Он на миг замер, остановился. Только губы его где-то там, возле моего уха, рассылали импульсы по телу.
Забыть бы обо всём… Побыть девочкой в его объятиях. Обычной, каких, наверное, немало у него было. Тех, кого он покорил, подчинил себе, сумел расплавить или отогреть. У него для этого много разных методов – сам говорил. Может, так было бы правильно. Вот только я не желала быть одной из тех, кто были и прошли, исчезли и растворились во времени.
Он поднял на меня глаза. Всмотрелся пристально. Тоже, наверное, искал какие-то ответы в моём взгляде.
– Конечно, Ника, – произнёс он медленно и сделал недвусмысленное движение бёдрами. То, что он меня хочет, не новость. И, может, именно это помогло избавиться от наваждения.
– Если ты только это вкладываешь в «скучал», то нет, Нейман. Я не скучала, – произношу быстро, чтобы не передумать и не дать ему меня очаровать окончательно и бесповоротно. – Наверное, я бы хотела, чтобы это было где-то повыше, – касаюсь ладонью его груди.
Я лгу, конечно, потому что одно очень сложно отделить от другого. Но я выбираю ту правду, которая была бы для меня ценнее. Грустно всё сводить только к половым инстинктам. Тем более, когда я толком не знаю, что всё это значит. Мой опыт общения с мужчинами ничтожно мал, а тот, что был, не всегда со знаком плюс.

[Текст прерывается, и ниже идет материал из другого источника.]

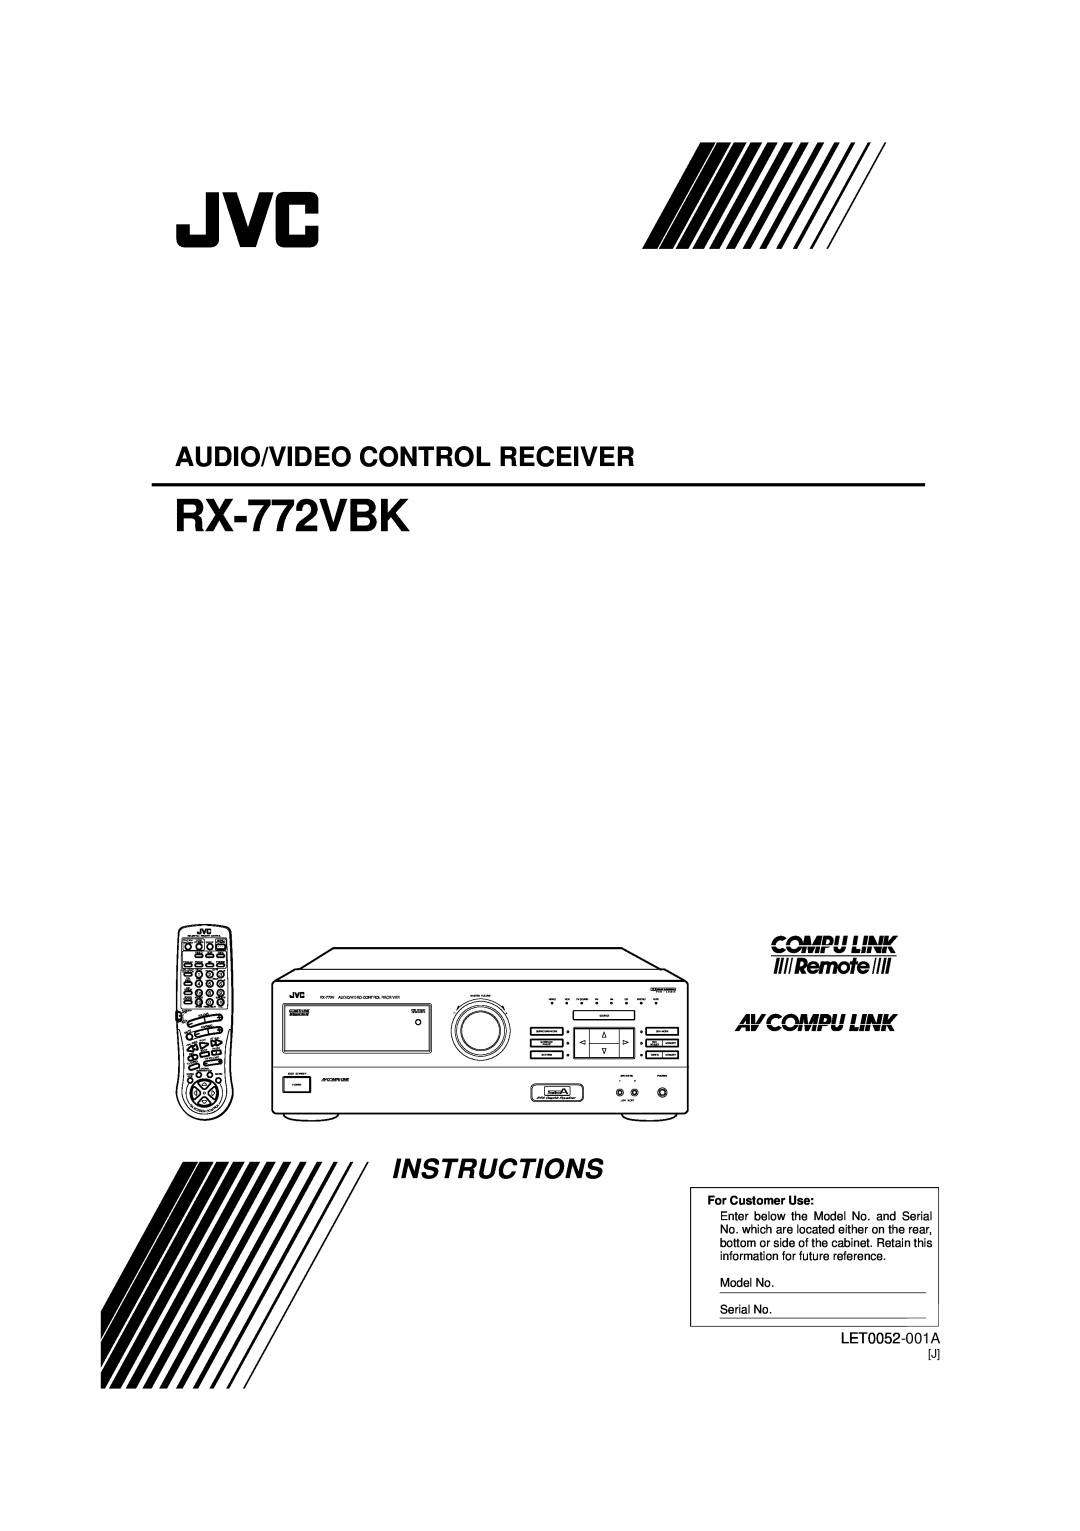 JVC RX-772VBK manual Audio/Video Control Receiver, Instructions, LET0052-001A, For Customer Use, Model No Serial No

Он замирает. Дышит надсадно. Наверное, это мой маленький триумф: со мной он забывает о ледяной сдержанности, но мне этого мало. Слишком мало, чтобы осесть у его ног послушной и безвольной куклой.
Пока он стоит и то ли думает, то ли приходит в себя, я тихонько ускользаю. Оставляю его одного.
Сердце рвётся назад. Не знаю, что я оставила там, в приглушенном свете библиотеки. Только это больно, безумно больно. Тянет сдаться и вернуться. Кинуться ему на шею, обнять ногами. Любая нормальная девчонка сделала бы это. Но я не могу. Лучше умирать.